Le Parlement du Rwanda a exprimé sa vive préoccupation après les déclarations faites par Vital Kamerhe, président de l’Assemblée nationale de la République Démocratique du Congo (RDC), lors de la 6e Conférence mondiale des Présidents de Parlement à Genève. Ces déclarations, jugées infondées, ont suscité une réaction rapide de la part des autorités rwandaises.
Dans son discours, Kamerhe a souligné la situation sécuritaire préoccupante à l’est de la RDC et a évoqué des violations des droits humains commises par diverses forces occupantes, insinuant notamment une ingérence rwandaise. Cette prise de parole a été perçue à Kigali comme un retour à une rhétorique incendiaire, contrastant avec l’esprit de coopération qui avait prévalu lors de la récente Assemblée parlementaire de la Francophonie à Paris, où le Parlement de la RDC avait salué un récent accord de paix entre les deux pays.

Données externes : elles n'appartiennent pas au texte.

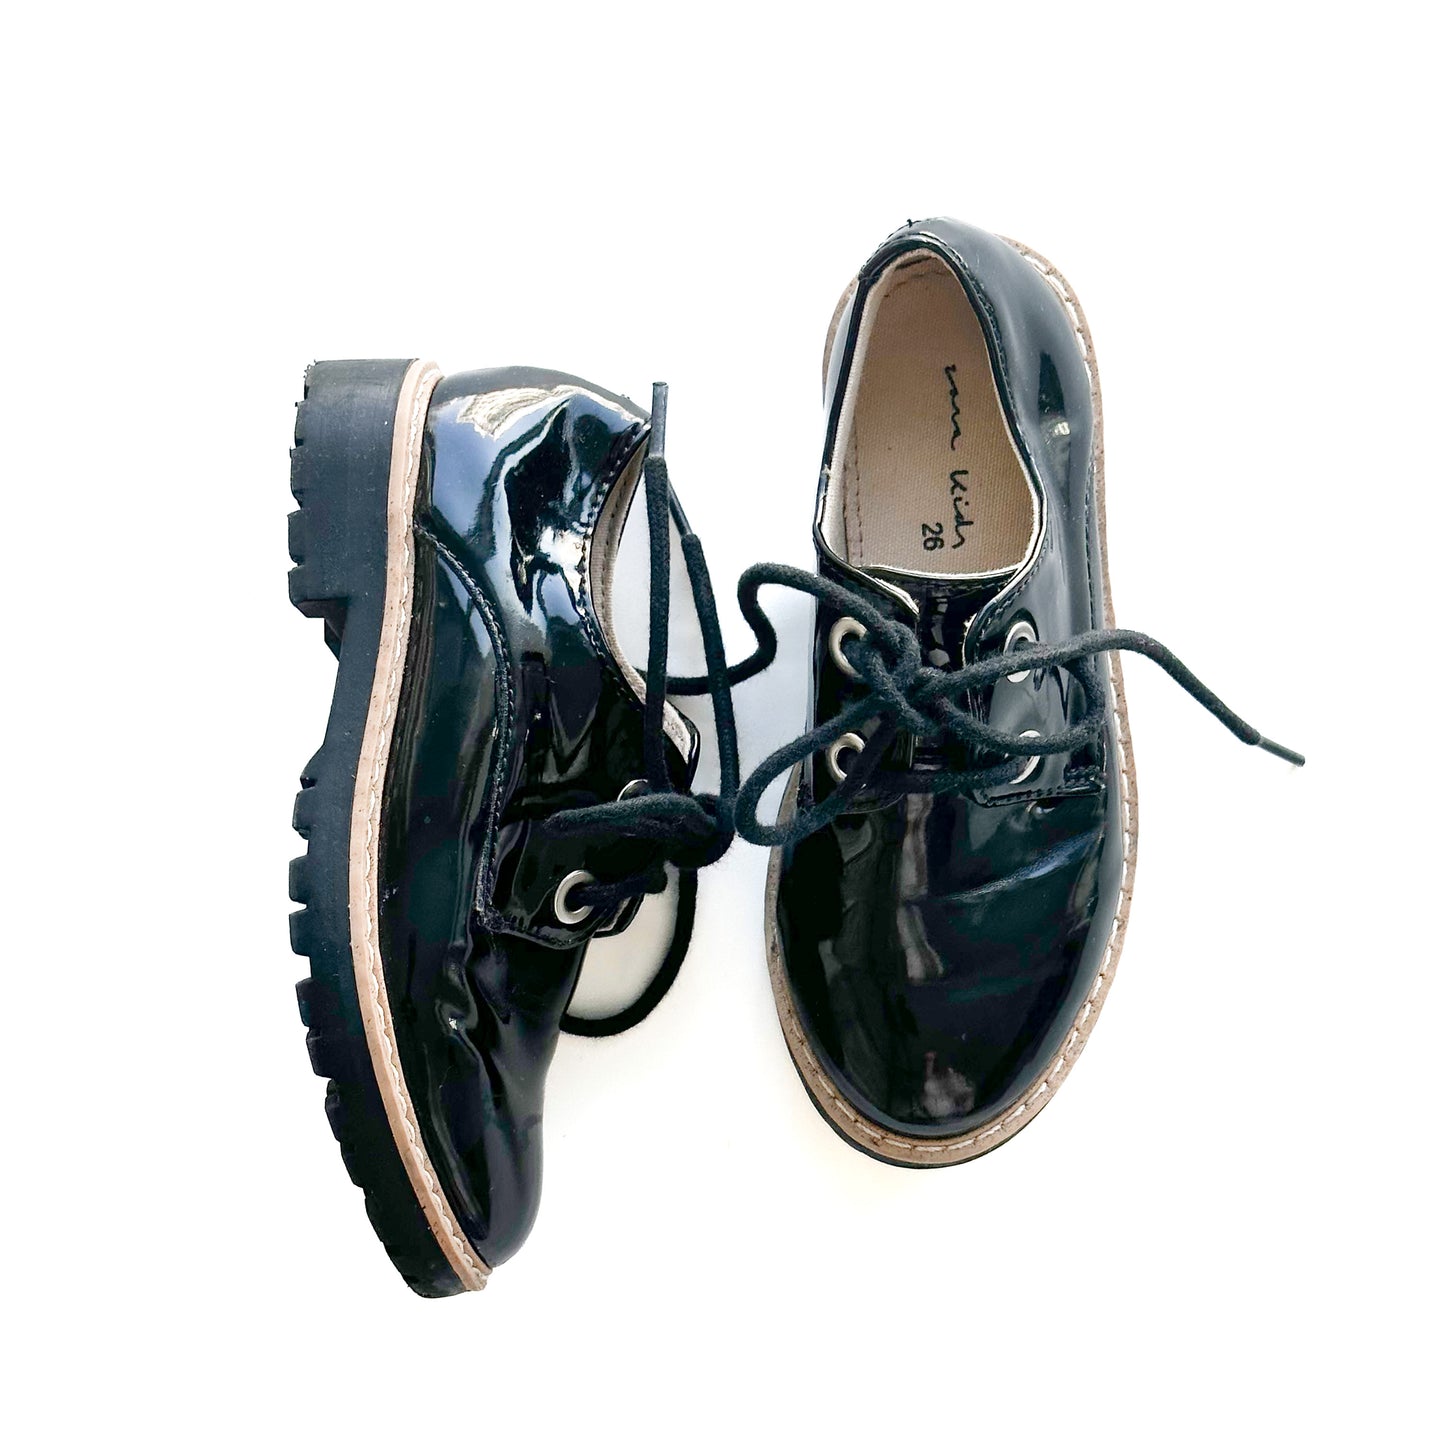 [EU26] Zara Kids Lace-up Shoes- Patent finish

Le Parlement rwandais a souligné que les allégations de Kamerhe jettent le doute sur la sincérité des engagements pris par le Parlement de la RDC en faveur de la paix et du dialogue. Dans une déclaration officielle, il a rappelé que la mise en œuvre de l’accord de paix, facilité par les États-Unis et signé le 27 juin 2025, dépend de la coopération des deux parlements pour adopter les lois nécessaires à sa ratification.
Les responsables rwandais ont appelé à une cohérence et à une intégrité dans les discours politiques, insistant sur l’importance de respecter les engagements pris pour avancer vers la paix et la stabilité dans la région.

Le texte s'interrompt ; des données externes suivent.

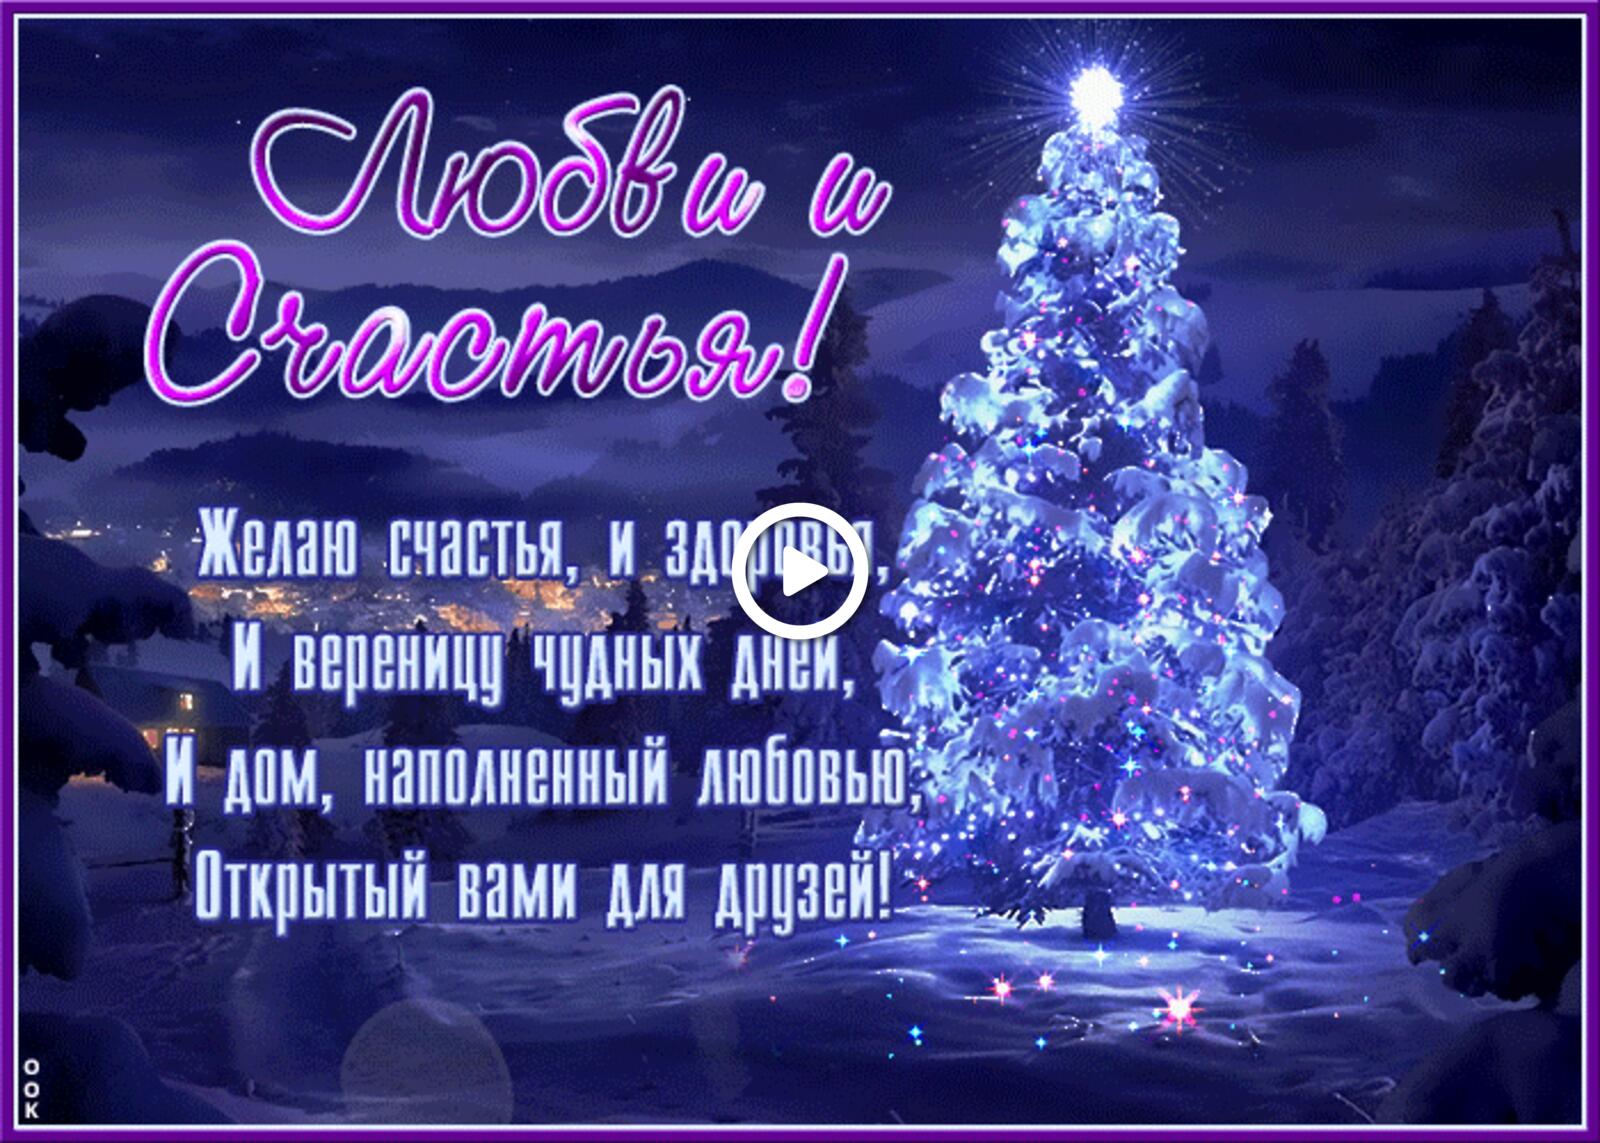 一张以献上爱与幸福的祝福 圣诞树 装饰的圣诞树为主题的明信片

Cette escalade des tensions soulève des questions sur l’avenir des relations entre la RDC et le Rwanda. Alors que les deux pays ont récemment fait des progrès vers un rapprochement, les déclarations de Kamerhe pourraient compliquer la mise en œuvre de l’accord de paix. Les experts craignent que des revirements politiques n’affaiblissent les efforts interparlementaires en faveur de la paix.
Malgré ces tensions, le Parlement du Rwanda a réaffirmé son attachement au dialogue constructif et a appelé les responsables politiques des deux pays à agir dans l’intérêt de la stabilité régionale. La situation reste délicate, et il sera crucial de trouver un terrain d’entente pour éviter un retour aux hostilités.
Les prochaines semaines seront déterminantes pour évaluer l’impact de ces déclarations sur le processus de paix et la coopération entre la RDC et le Rwanda, deux nations dont l’histoire est marquée par des conflits mais aussi par des tentatives de réconciliation.